Return the full listing word for word, but drop every picture from it.

───── DATA SHOWN ─────

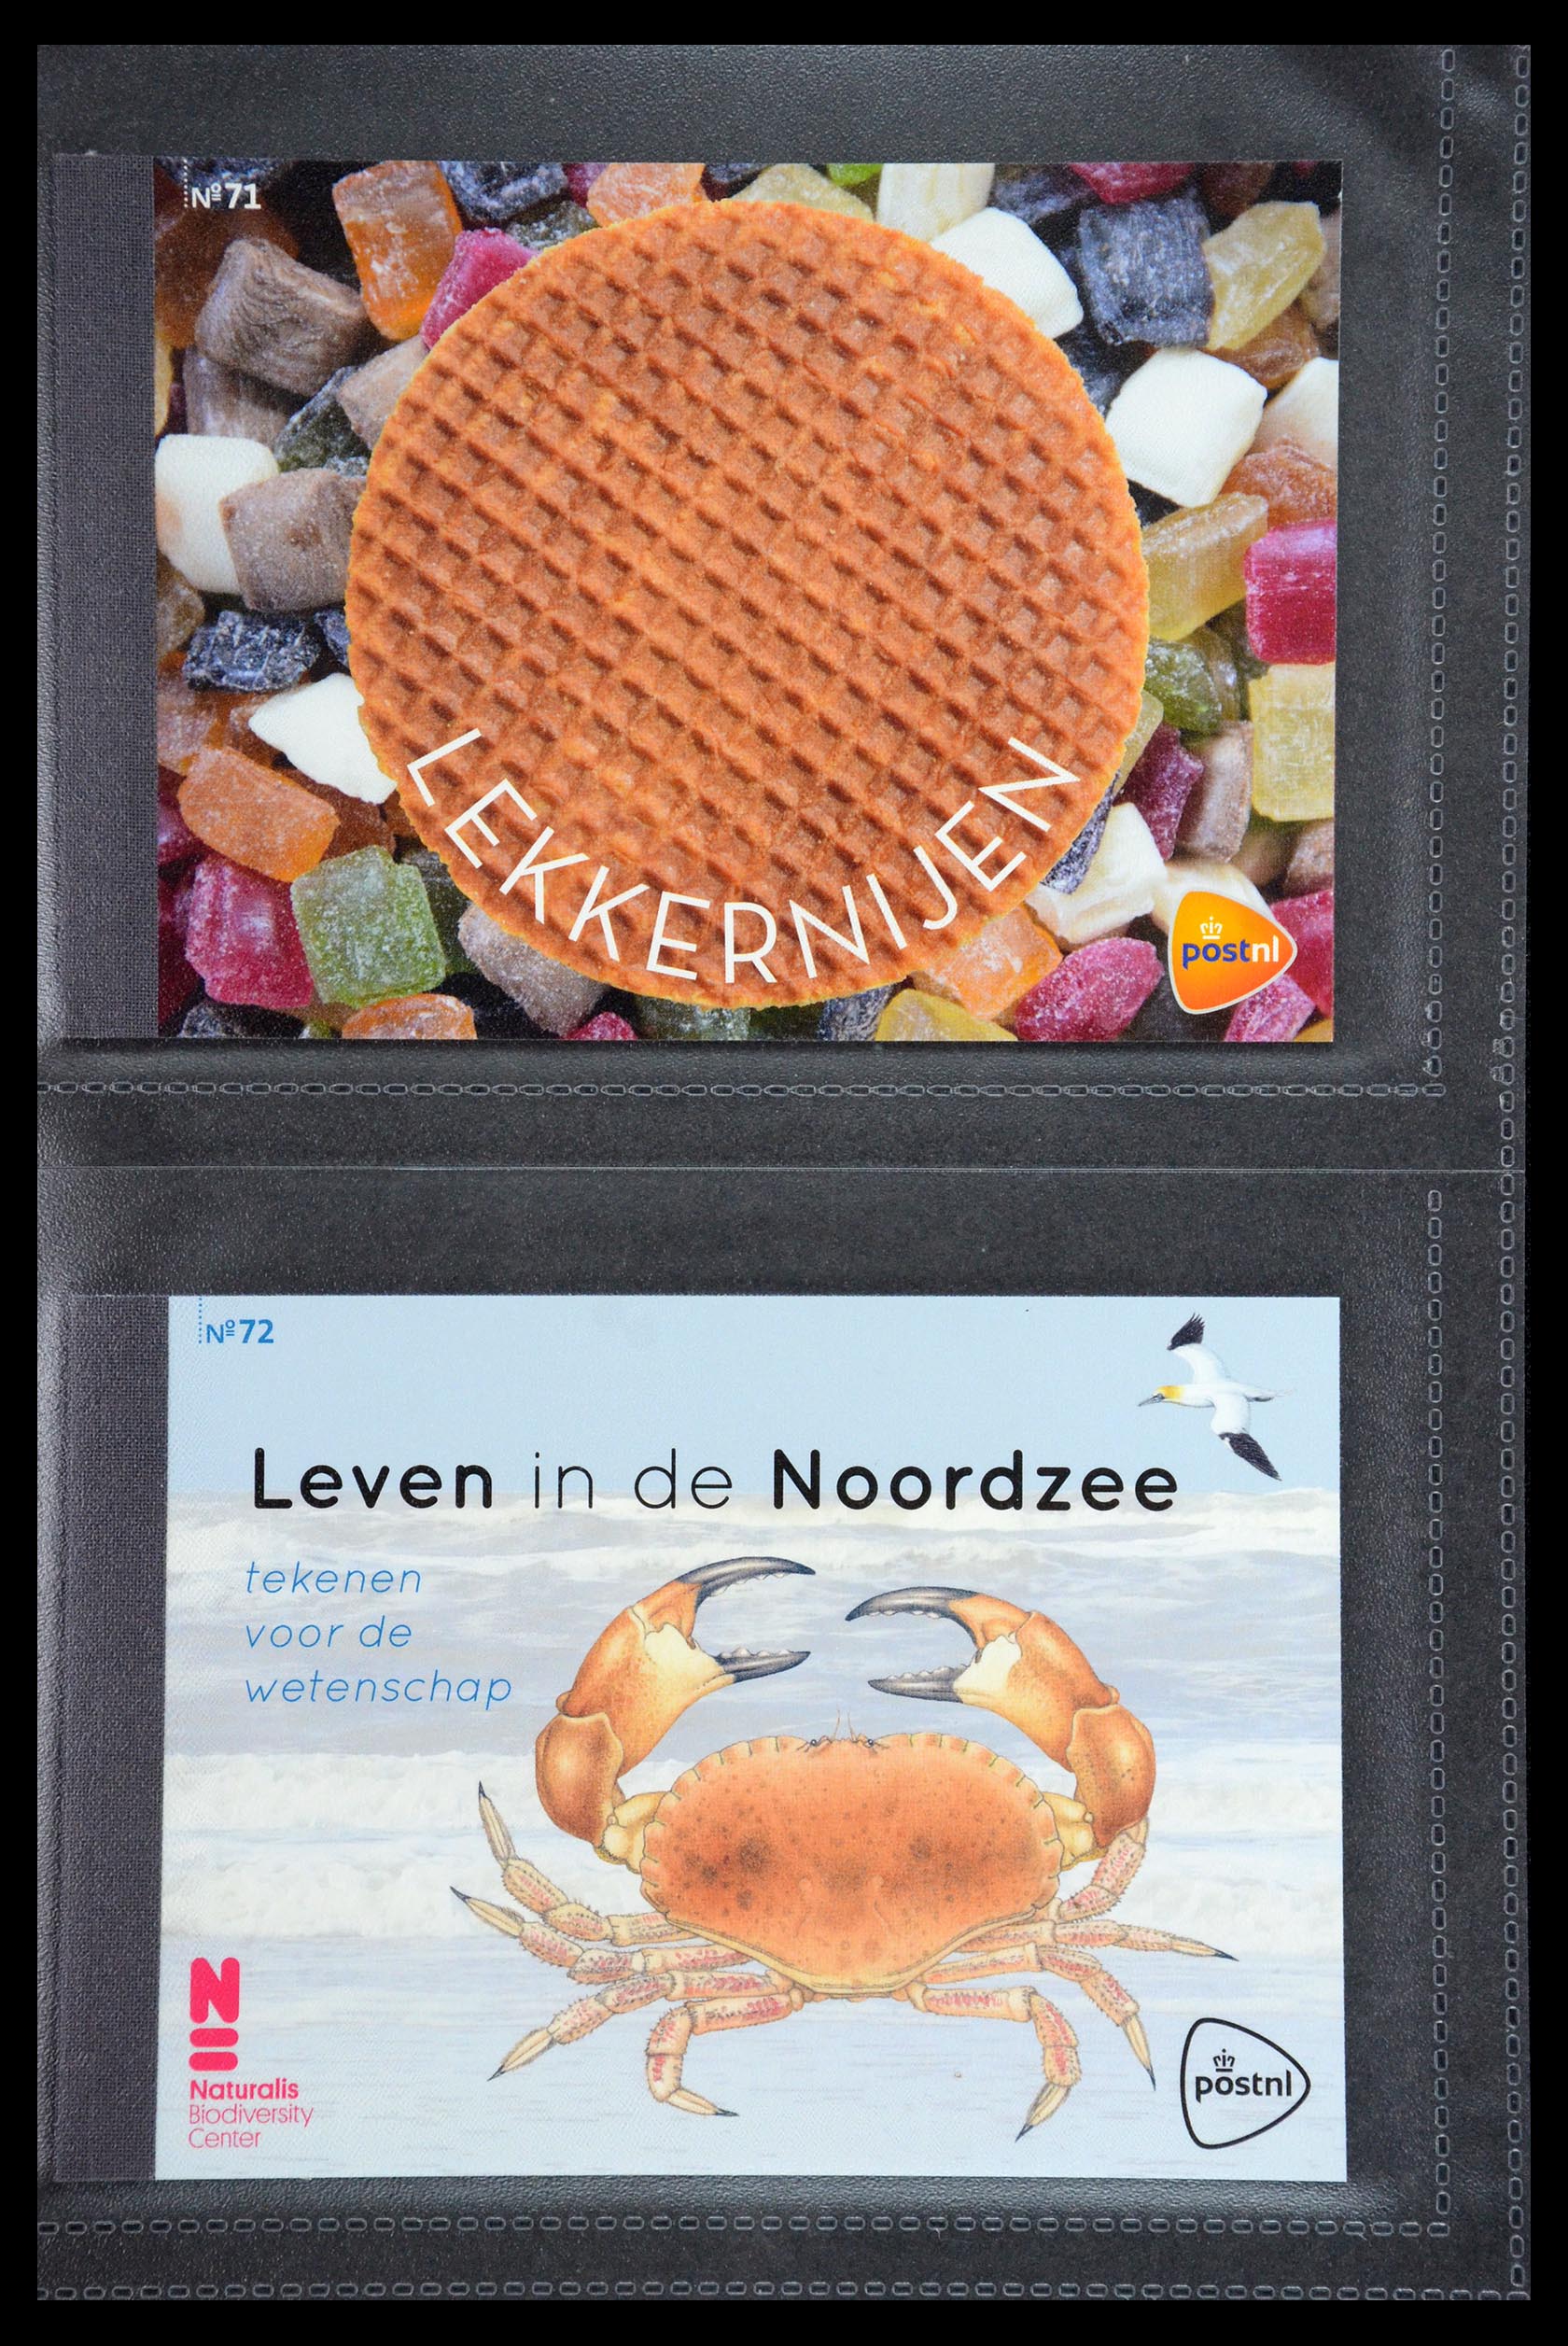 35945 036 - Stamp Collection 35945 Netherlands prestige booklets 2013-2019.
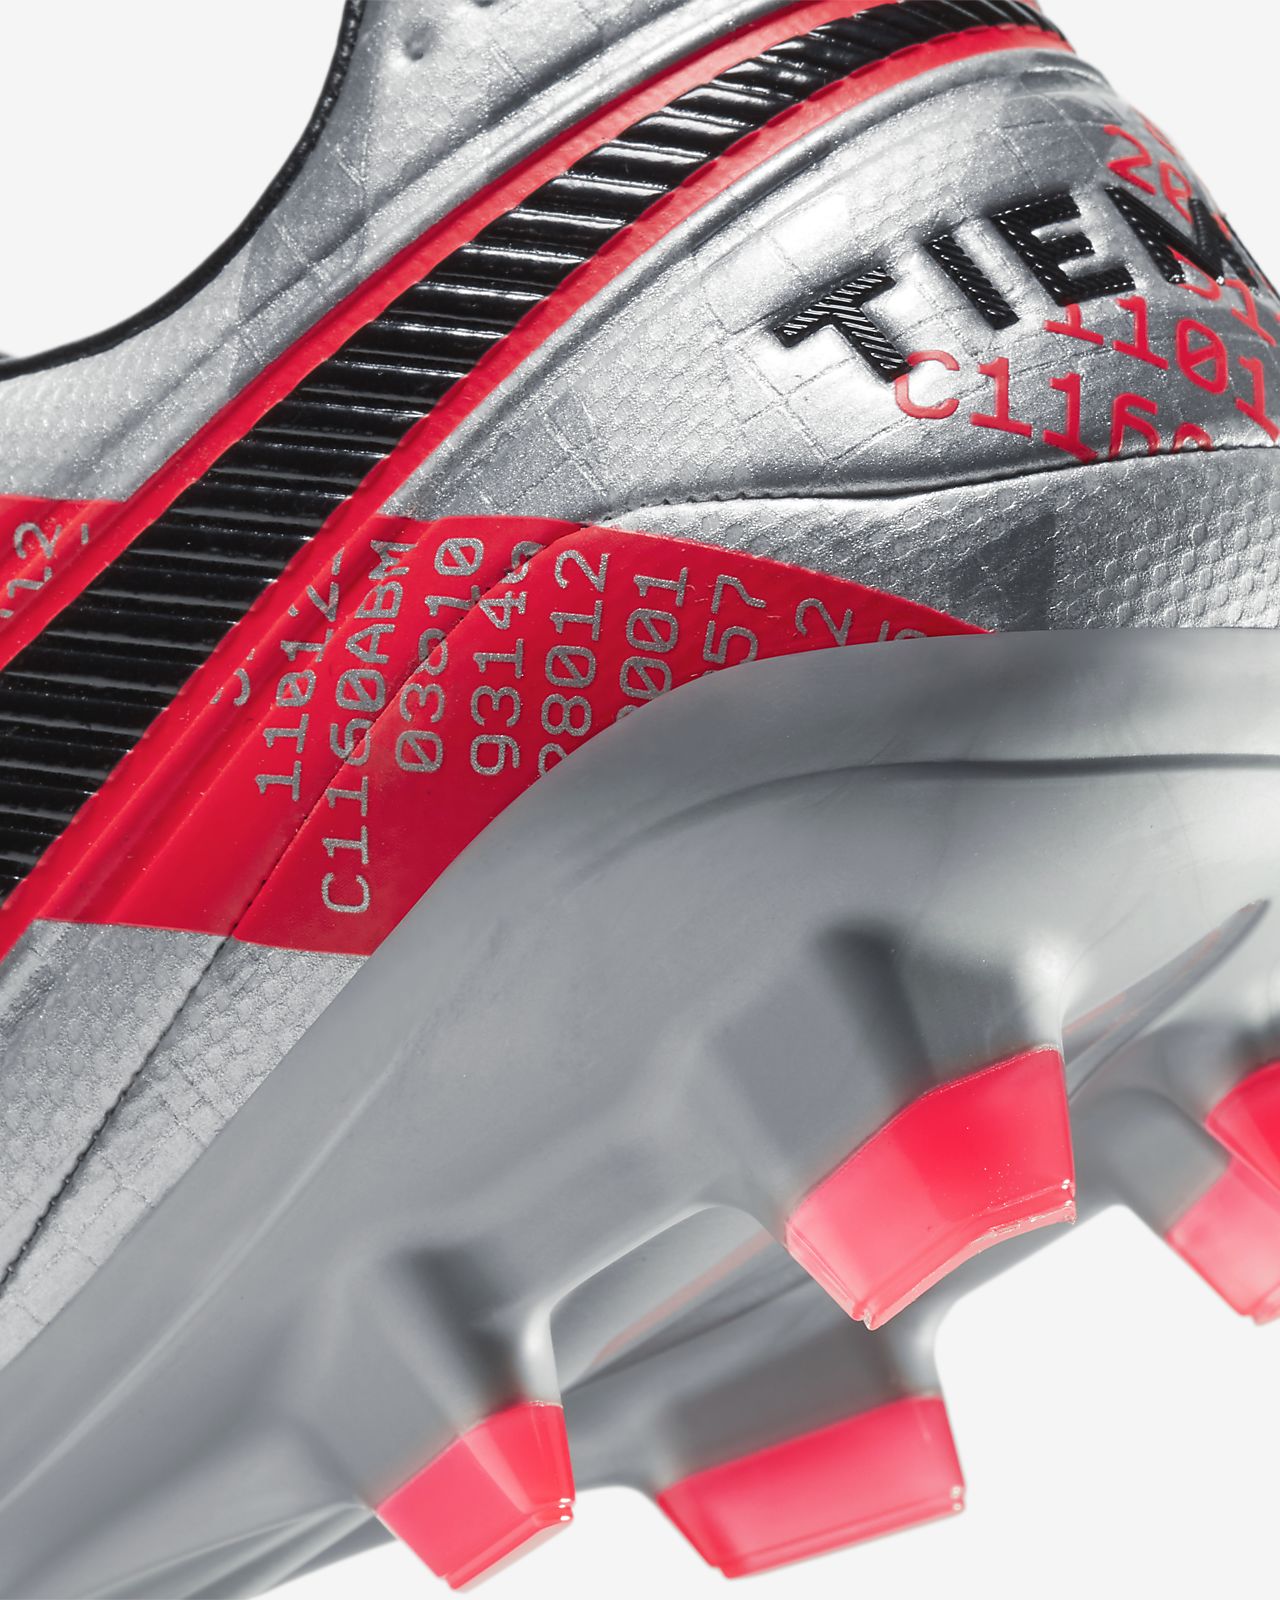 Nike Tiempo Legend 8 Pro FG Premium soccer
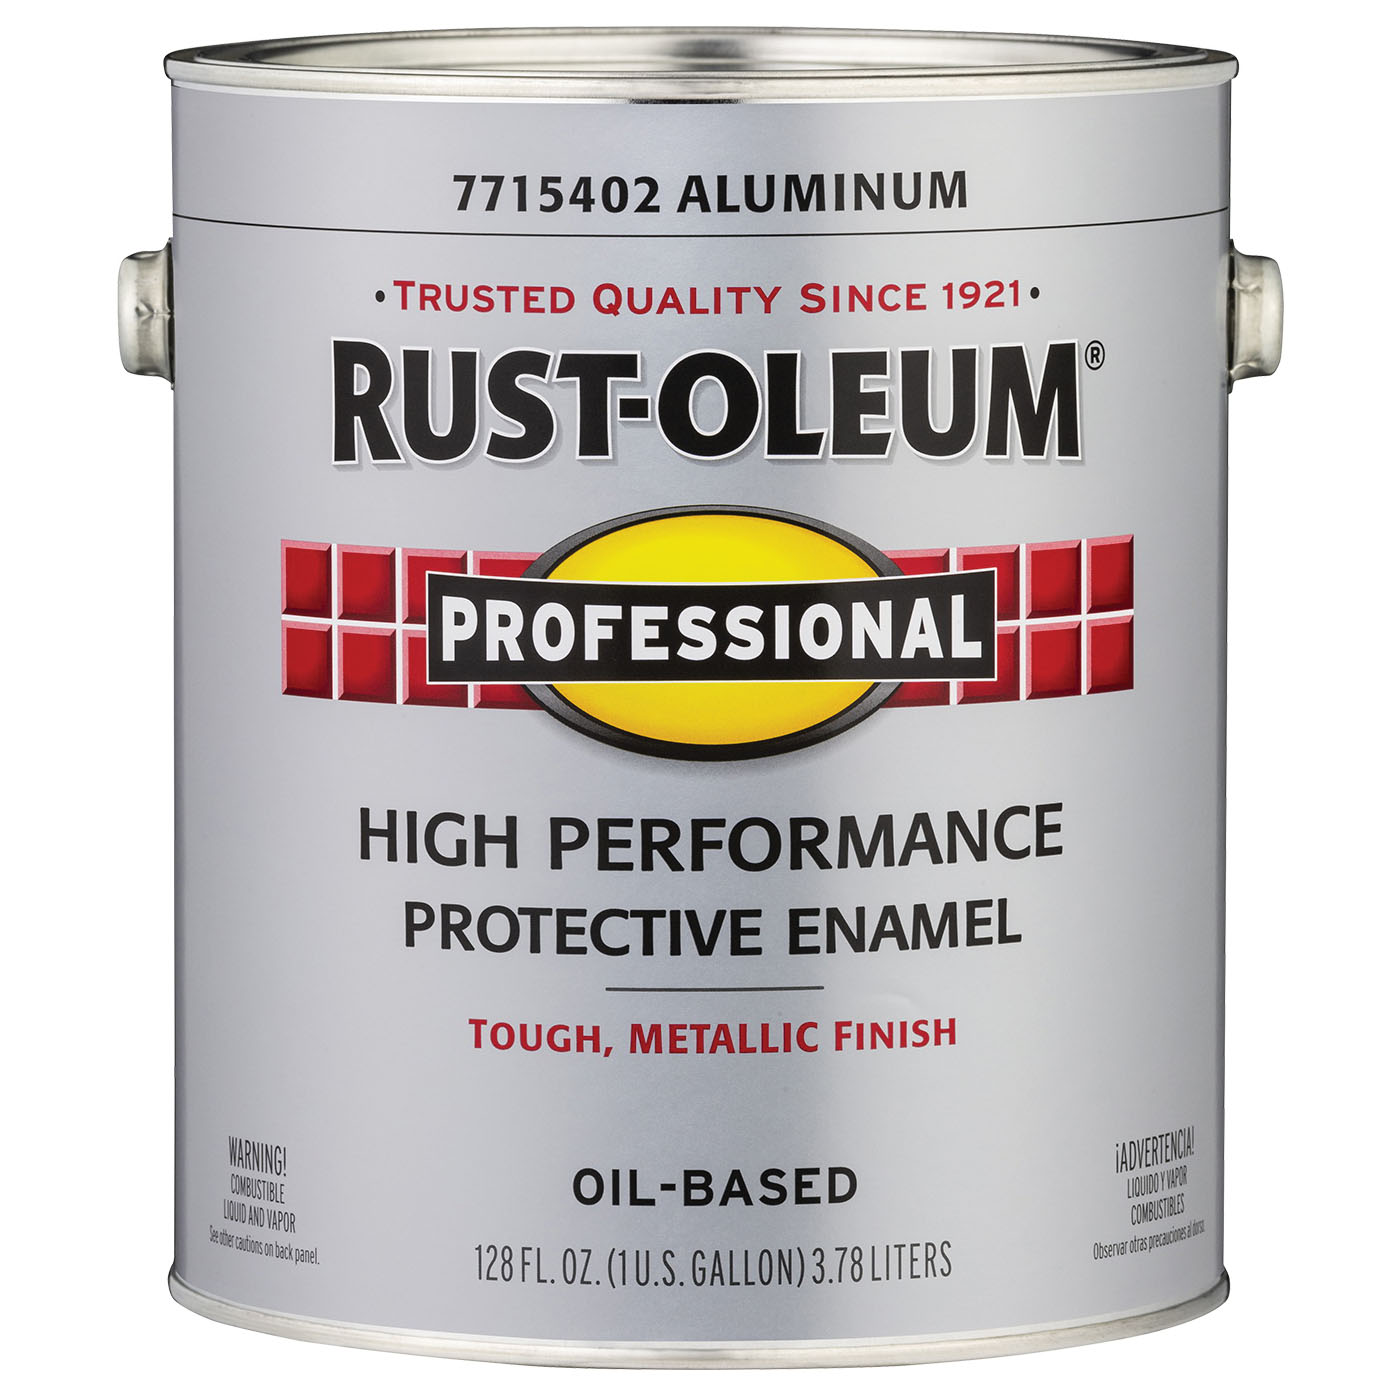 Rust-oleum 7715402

─────

-- RESULT FOR THIS EXERCISE --
 35945 036 - Stamp Collection 35945 Netherlands prestige booklets 2013-2019.
 Nike Tiempo Legend 8 Pro FG Premium soccer
 Rust-oleum 7715402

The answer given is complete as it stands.